■ **Task objective**:
Your copy should start at the line with "new fitbit inspire hr" and end at the line with "Preppie Collection - Marble" in the data below. Transcribe only those lines, exactly, pictures excluded.

■ **Excerpted data**:
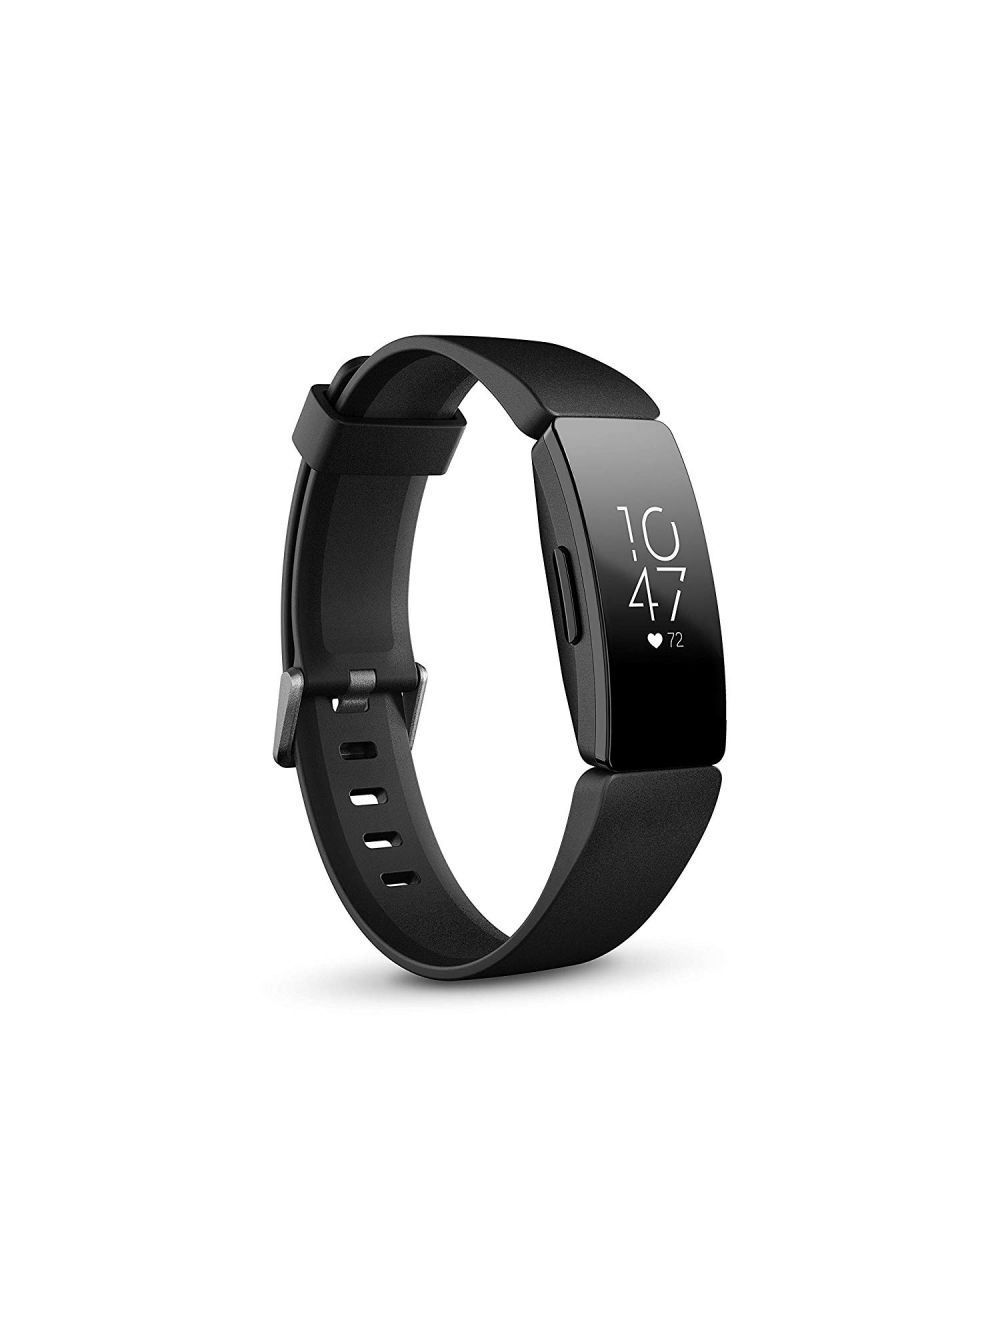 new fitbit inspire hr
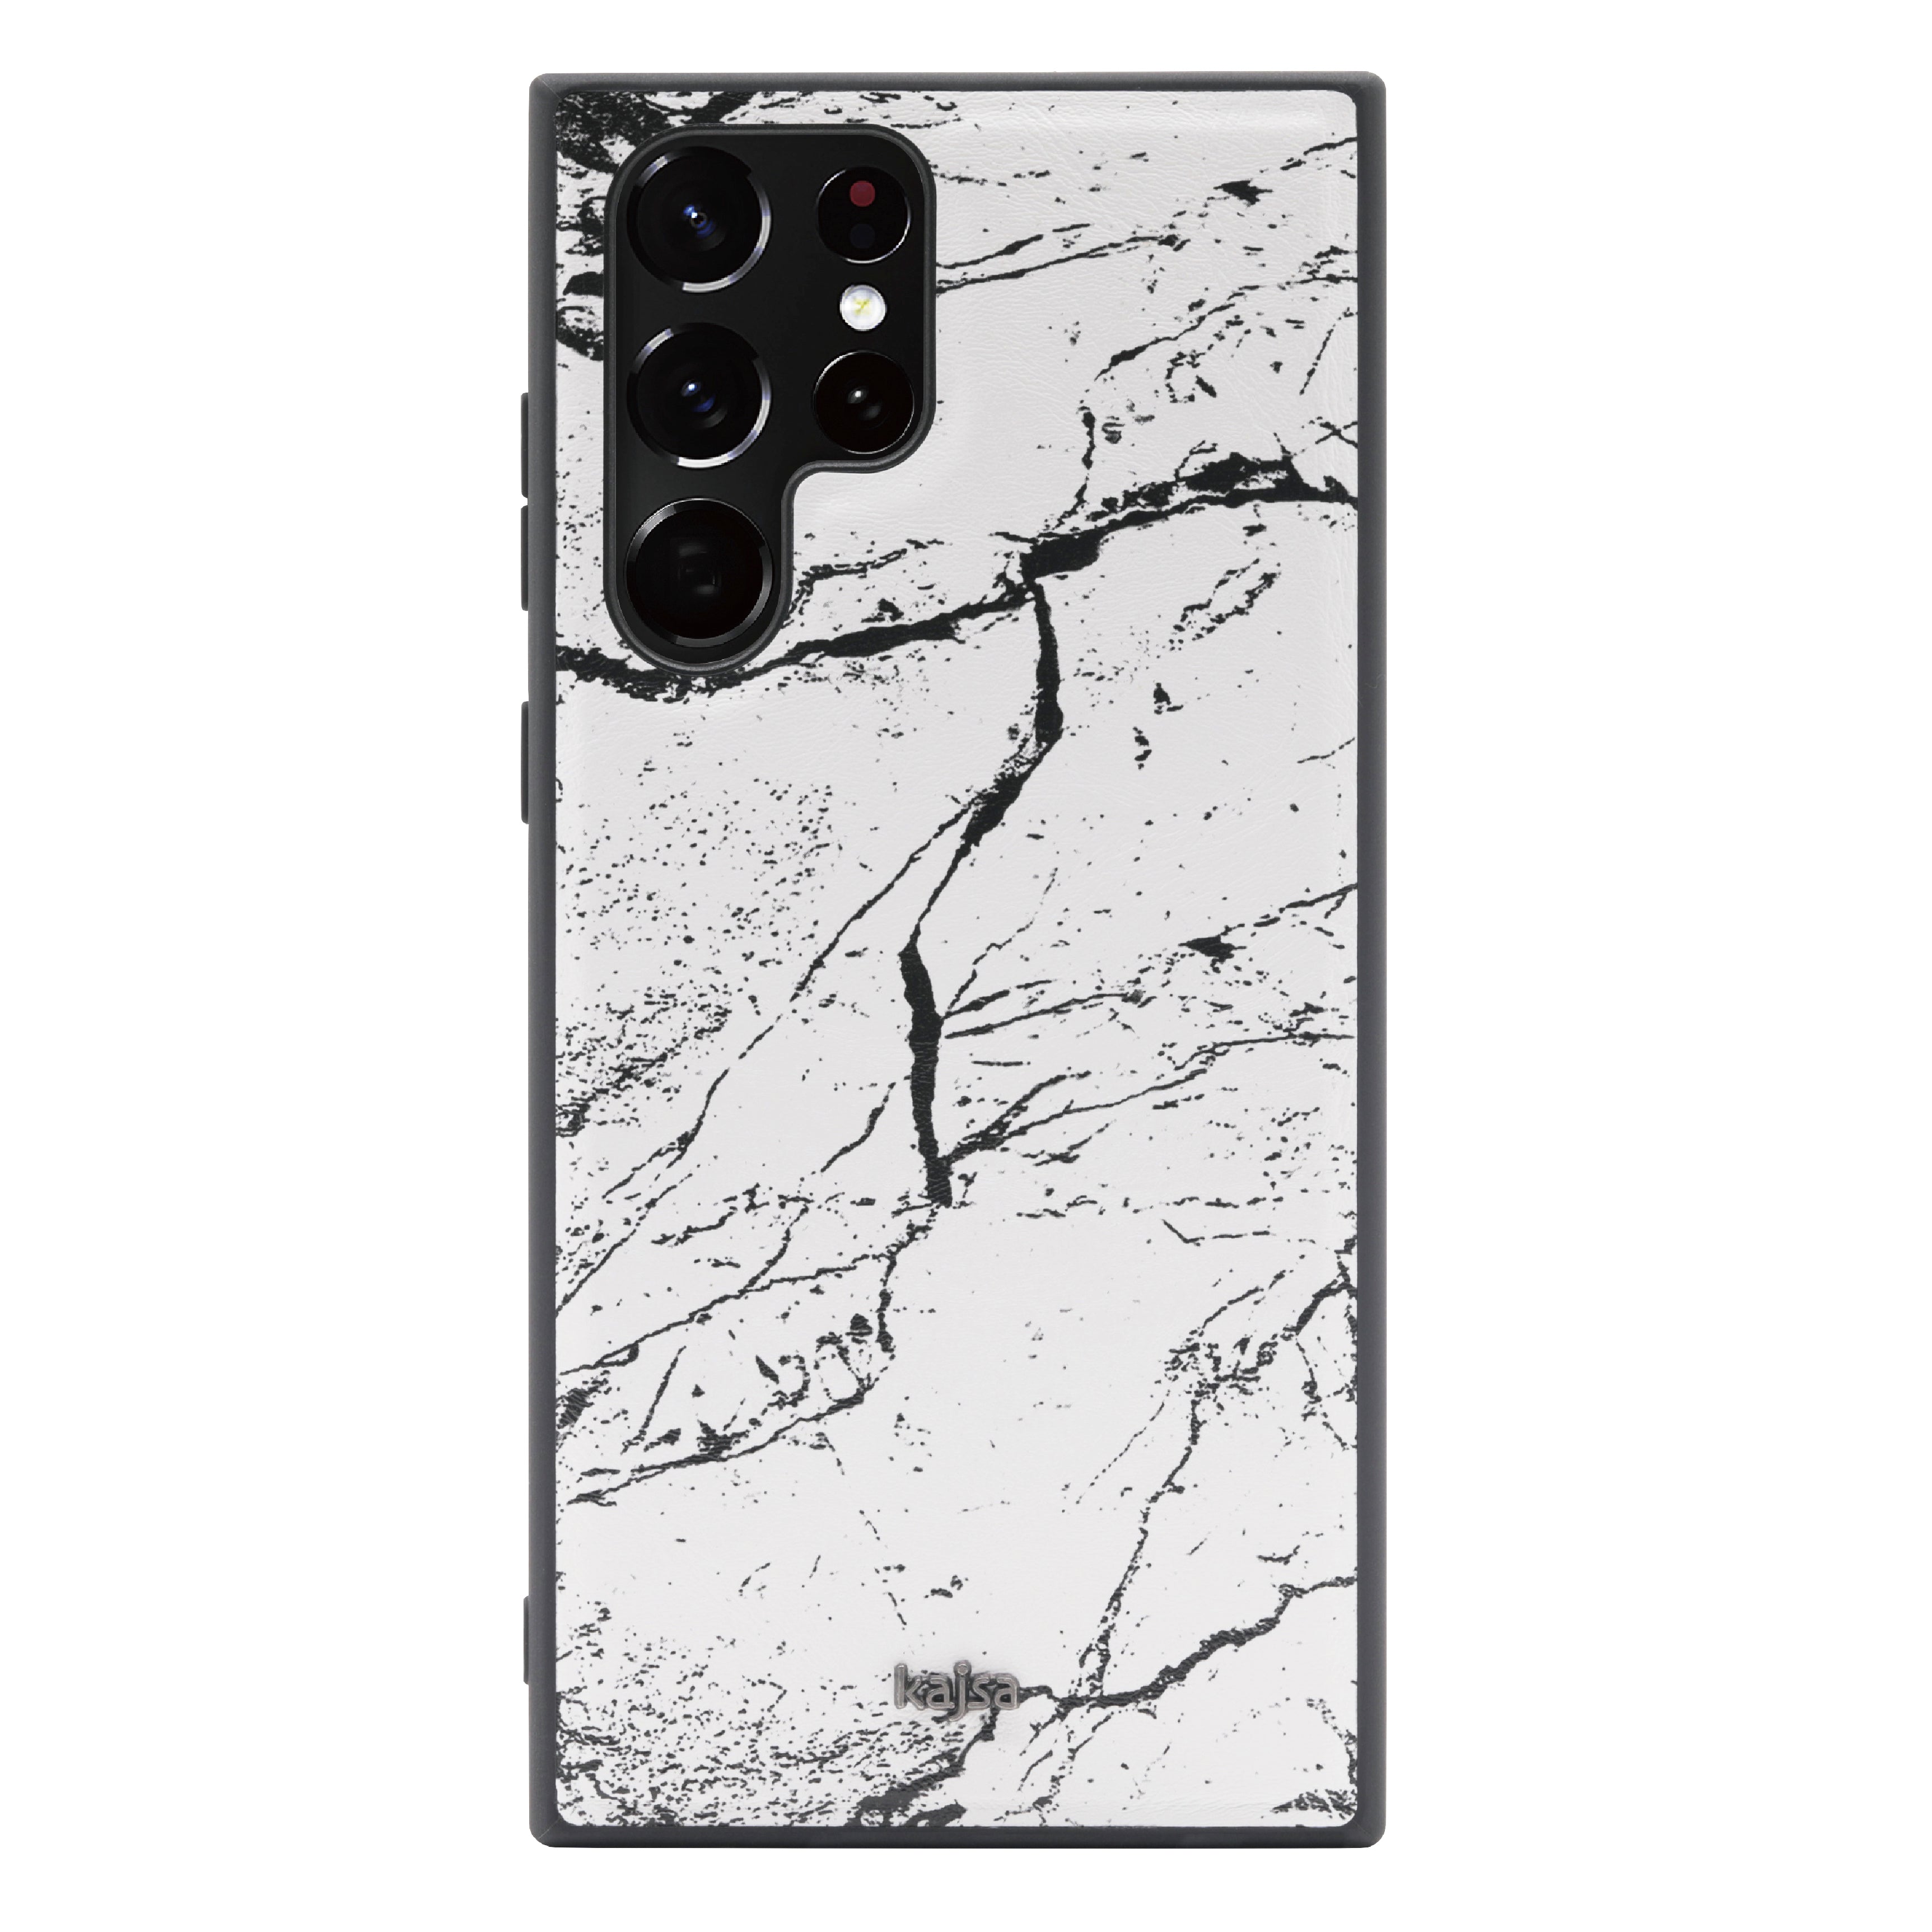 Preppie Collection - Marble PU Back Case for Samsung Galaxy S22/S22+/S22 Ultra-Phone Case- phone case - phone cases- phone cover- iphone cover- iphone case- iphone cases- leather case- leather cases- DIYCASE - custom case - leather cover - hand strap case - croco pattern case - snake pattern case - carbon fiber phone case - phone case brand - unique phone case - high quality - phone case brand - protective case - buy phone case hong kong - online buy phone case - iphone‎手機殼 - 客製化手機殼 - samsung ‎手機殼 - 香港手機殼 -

--

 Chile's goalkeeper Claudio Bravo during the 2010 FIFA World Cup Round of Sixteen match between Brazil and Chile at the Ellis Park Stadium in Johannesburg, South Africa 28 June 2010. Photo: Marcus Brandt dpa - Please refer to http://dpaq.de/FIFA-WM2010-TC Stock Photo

■ **Exercise answer**:
 new fitbit inspire hr
 Preppie Collection - Marble PU Back Case for Samsung Galaxy S22/S22+/S22 Ultra-Phone Case- phone case - phone cases- phone cover- iphone cover- iphone case- iphone cases- leather case- leather cases- DIYCASE - custom case - leather cover - hand strap case - croco pattern case - snake pattern case - carbon fiber phone case - phone case brand - unique phone case - high quality - phone case brand - protective case - buy phone case hong kong - online buy phone case - iphone‎手機殼 - 客製化手機殼 - samsung ‎手機殼 - 香港手機殼 -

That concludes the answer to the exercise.